「Eight」のSansan、リクルーティング市場に参入「企業ページ」6月下旬に

» 2017年06月22日 18時12分 公開
[青柳美帆子ITmedia]

 クラウド名刺サービス「Eight」を展開するSansanは6月22日、Eightで企業が情報発信できる「企業ページ」機能を6月下旬に追加すると発表した。名刺データとAI(人工知能)を活用した人材獲得支援サービスも開始し、リクルーティング市場に参入する。

クラウド名刺サービス「Eight」に「企業ページ」機能が追加。人材獲得支援サービスも始める

 Eightは名刺情報をデータベース化して管理できるサービス。OCR(光学式読み取り)技術と人力入力によって名刺情報の手間が省けることや、名刺交換をした相手がEightを利用していれば、現在の役職や転職情報が更新される機能などが特徴で、ユーザー数は150万人超。メッセージ機能やフィード(自身や他ユーザーの近況などが投稿・閲覧できる)機能なども備え、名刺データを利用した「ビジネスSNS」としても成長を始めている。

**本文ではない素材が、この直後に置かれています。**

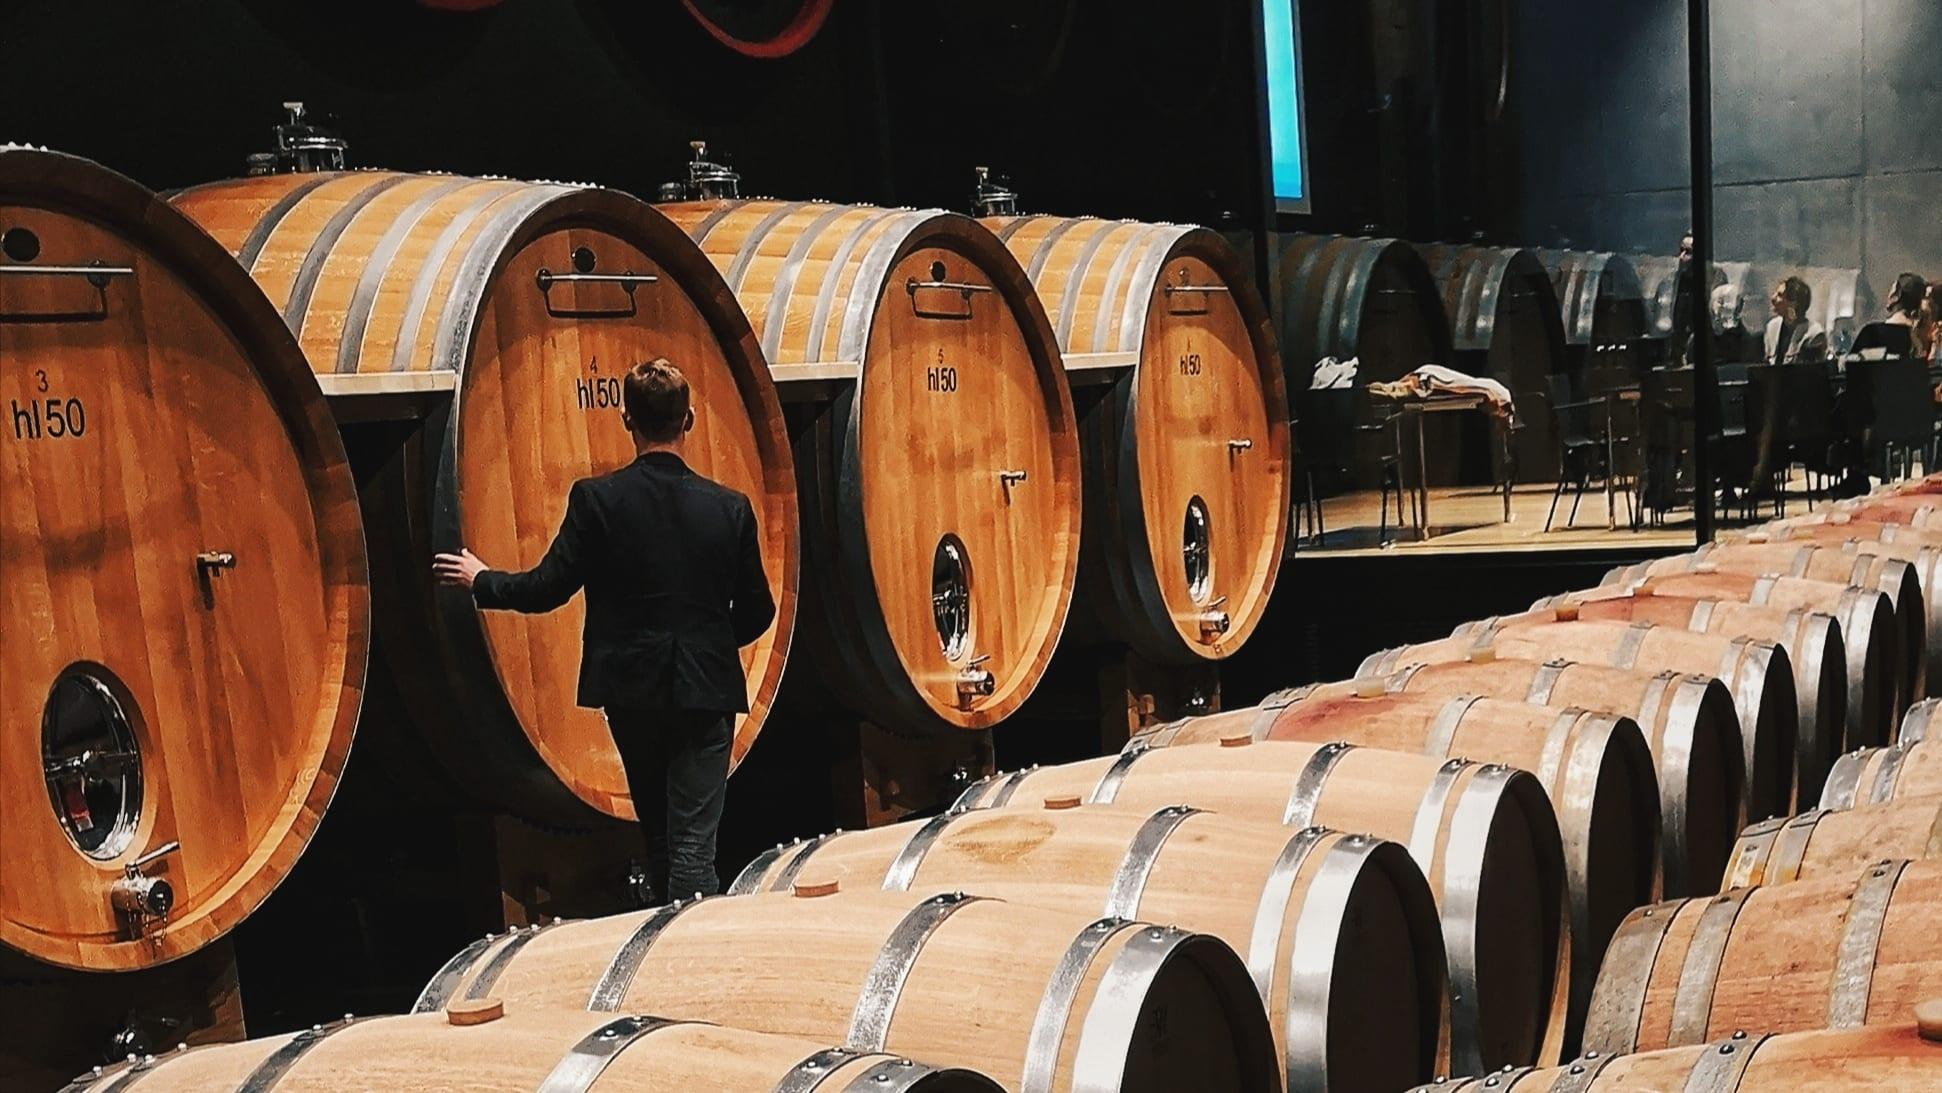 56 Inspirierende Wein Zitate Und Sprüche Wein Verstehen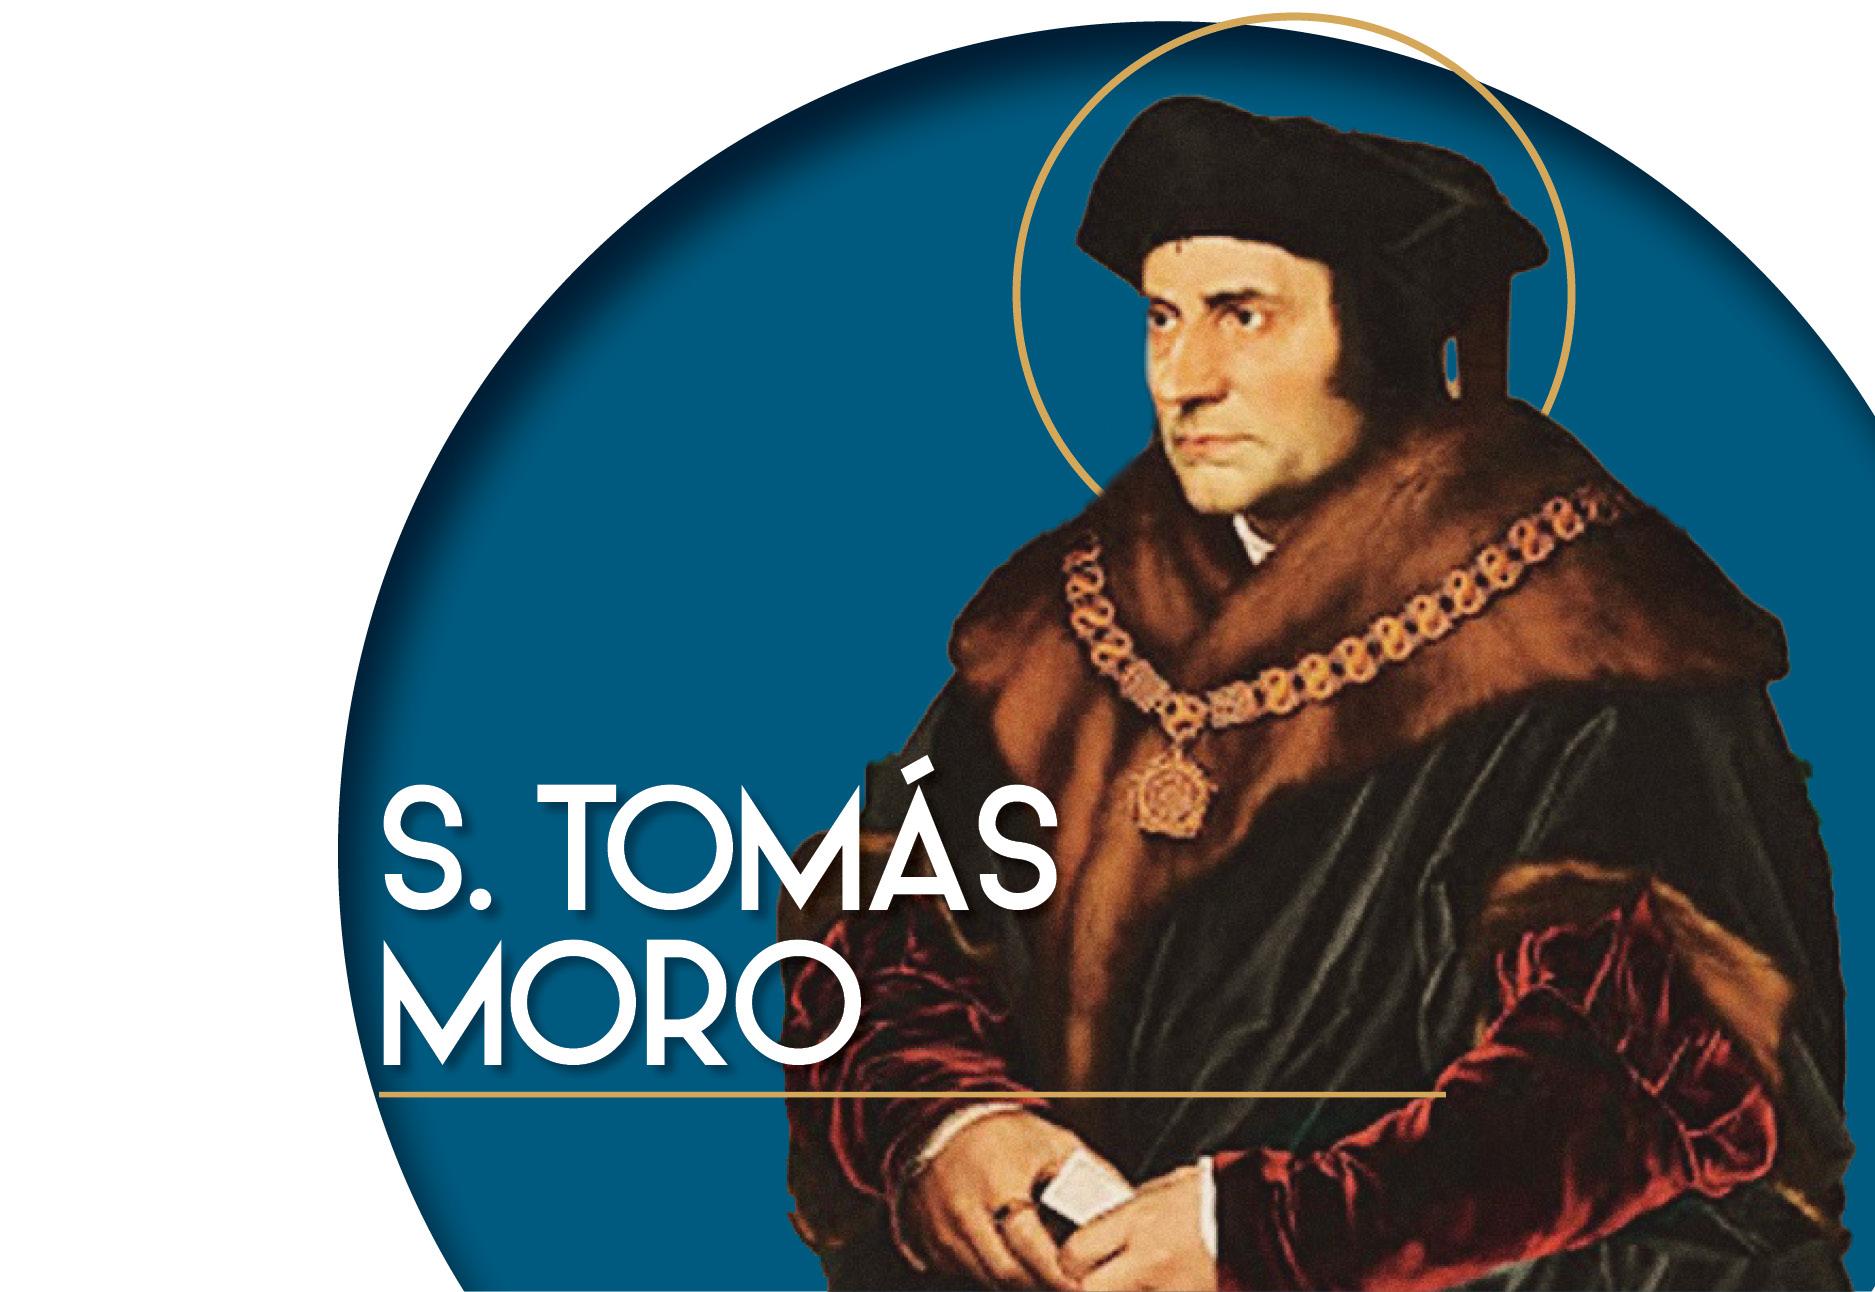 S. Tomás Moro

 6月下旬に追加する企業ページは、企業がユーザーに対してさまざまな情報やコンテンツを発信するページを無料で作れる機能。社員や元社員など企業に関連する人物も表示される。ユーザーが企業ページをフォローすれば、最新情報をフィード上で閲覧できる。

 先行企業として日産自動車、岡村製作所、サイバーエージェント、サイボウズ、ランサーズが利用を始める。

企業ページのイメージ図

 企業とビジネスパーソンとのコミュニケーション機能をもつSNSは、FacebookやLinkedInなどが先行。差別化については「Facebookはプライベートの投稿もあり、ビジネス専用ではない。またLinkedInは、転職を前提としたSNS。Eightは幅広いビジネスパーソンに活用されるビジネス特化のSNS」(Sansanの塩見賢治Eight事業部長)と説明した。

有料リクルーティングサービスと広告で売り上げアップなるか

 また、企業ページの有料オプションとして、リクルーティング支援サービスの「Eight Talent Solution」もスタートする。ユーザーに採用担当者が直接スカウトメッセージを送れる機能のほか、AIを活用し、転職を検討しているユーザーや企業にマッチした人材をレコメンドする機能を提供する。

 3月から一部企業で試験的に運用したところ、「多くの転職潜在層にリーチできるだけでなく、他のサービスと比べて候補者からのレスポンスが早かった」と好評だったという。月額課金制を予定している。

 新たなターゲティング広告商品「Eight Ads」も、企業ページのリリースと同時期に開始予定。Eightの名刺情報と帝国データバンクのデータを使い、「従業員規模1000人以上×人事部」「従業員規模1万人以上×営業」などと属性を絞ったターゲティング広告を、ユーザーのフィードに表示できる。16年5月から先行利用を試験的に一部企業で開始しているが、満足度が高く、リピートも多いという。

 Sansanは国内名刺管理サービスではトップシェアだが、2016年5月期の最終損益は13億6800万円の赤字。売り上げは伸びてはいるが、販管費が圧迫し、黒字化は果たせていない。新たな有料サービスと広告商品でさらなる売り上げ拡大を図る。